School of Law, The University of Manchester, Oxford Road, Manchester M13 9PL, UK.
Med Law Rev. 2020 Aug 1;28(3):573-594. doi: 10.1093/medlaw/fwaa011.
The concept of medical futility as an applied ethical framework has seen a rise and fall in its popularity over the last 30 years. It is a term used in relation to the assessment of a patient's health condition that is deemed untreatable, irreversible, and unresolvable. In four recent cases, Gard, Evans, Haastrup, and Raqeeb, the concept has been brought to the fore once again.

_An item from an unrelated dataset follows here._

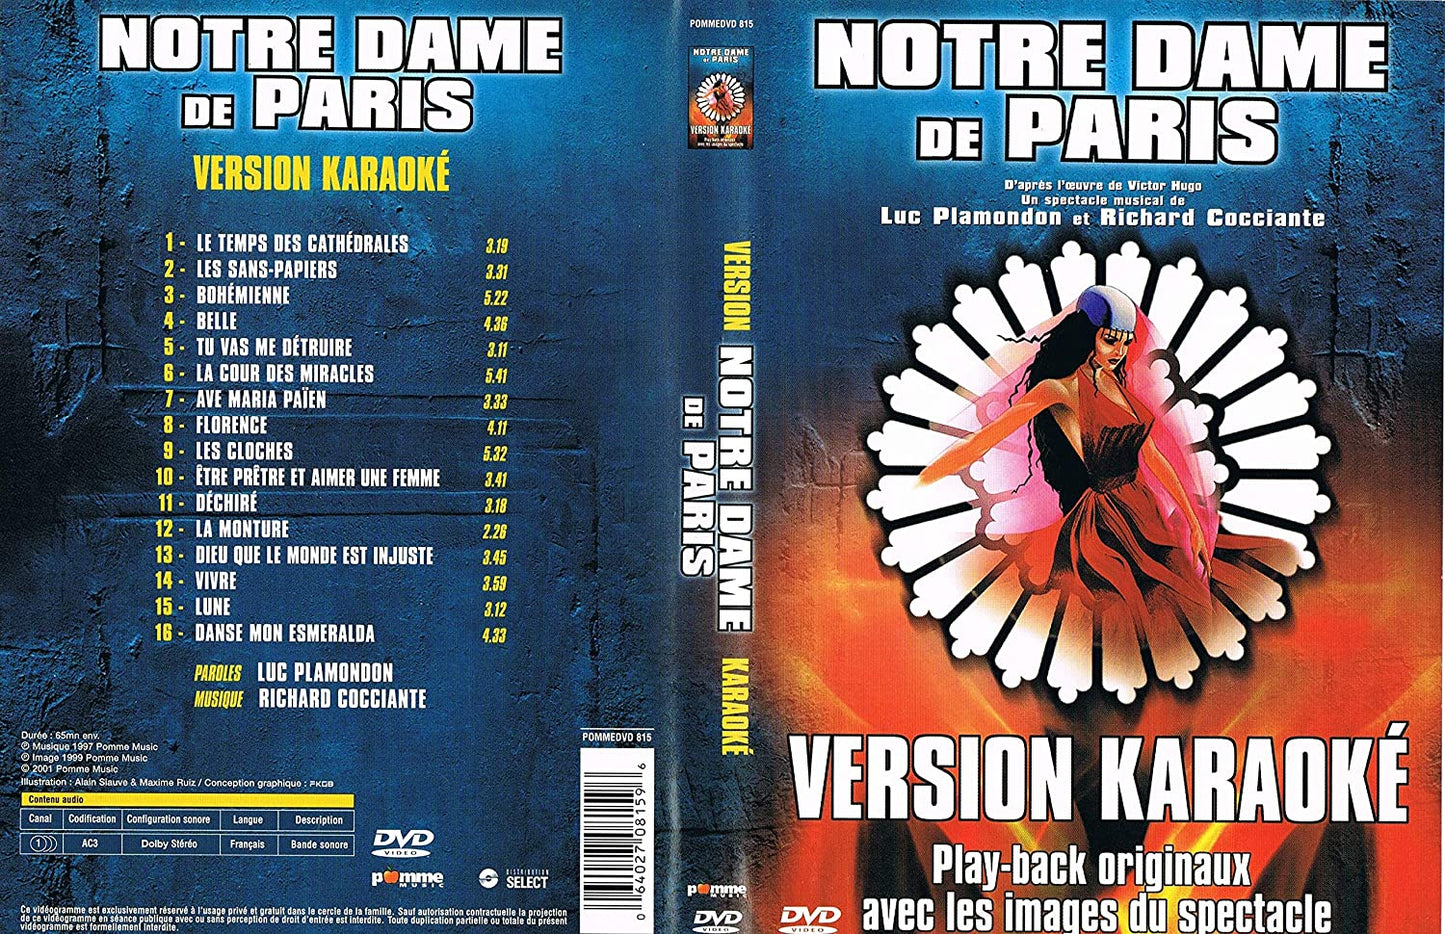 Notre Dame De Paris - Version Karaoke DVD (Play-Back Originaux Avec Les Images Du Spectacle / Edition Canada) [DVD]

These cases highlight a mounting tension between clinicians and families. Parental desires to see their child's treatment continued, while understandable, should not dominate treatment planning. This article analyses judicial interpretation of the factors which determine an assessment of futility and in doing so, argues that the role of medical futility in judicial decisions of this kind is gaining prominence and will continue to do so as scientific advancement blurs the limits of medicine even further.
作为一个应用伦理框架,医疗无效性的概念在过去 30 年中经历了兴衰。它是一个用于评估患者健康状况的术语,被认为是无法治疗、不可逆转和无法解决的。在最近的四个案例中,Gard、Evans、Haastrup 和 Raqeeb,这一概念再次被提上了议程。这些案例突出了临床医生和家庭之间日益紧张的关系。父母希望看到他们孩子的治疗继续进行,这是可以理解的,但不应主导治疗计划。本文分析了司法对决定无效性评估的因素的解释,认为在这种情况下,医疗无效性在司法决策中的作用越来越重要,并且随着科学的进步进一步模糊了医学的界限,这种作用将继续下去。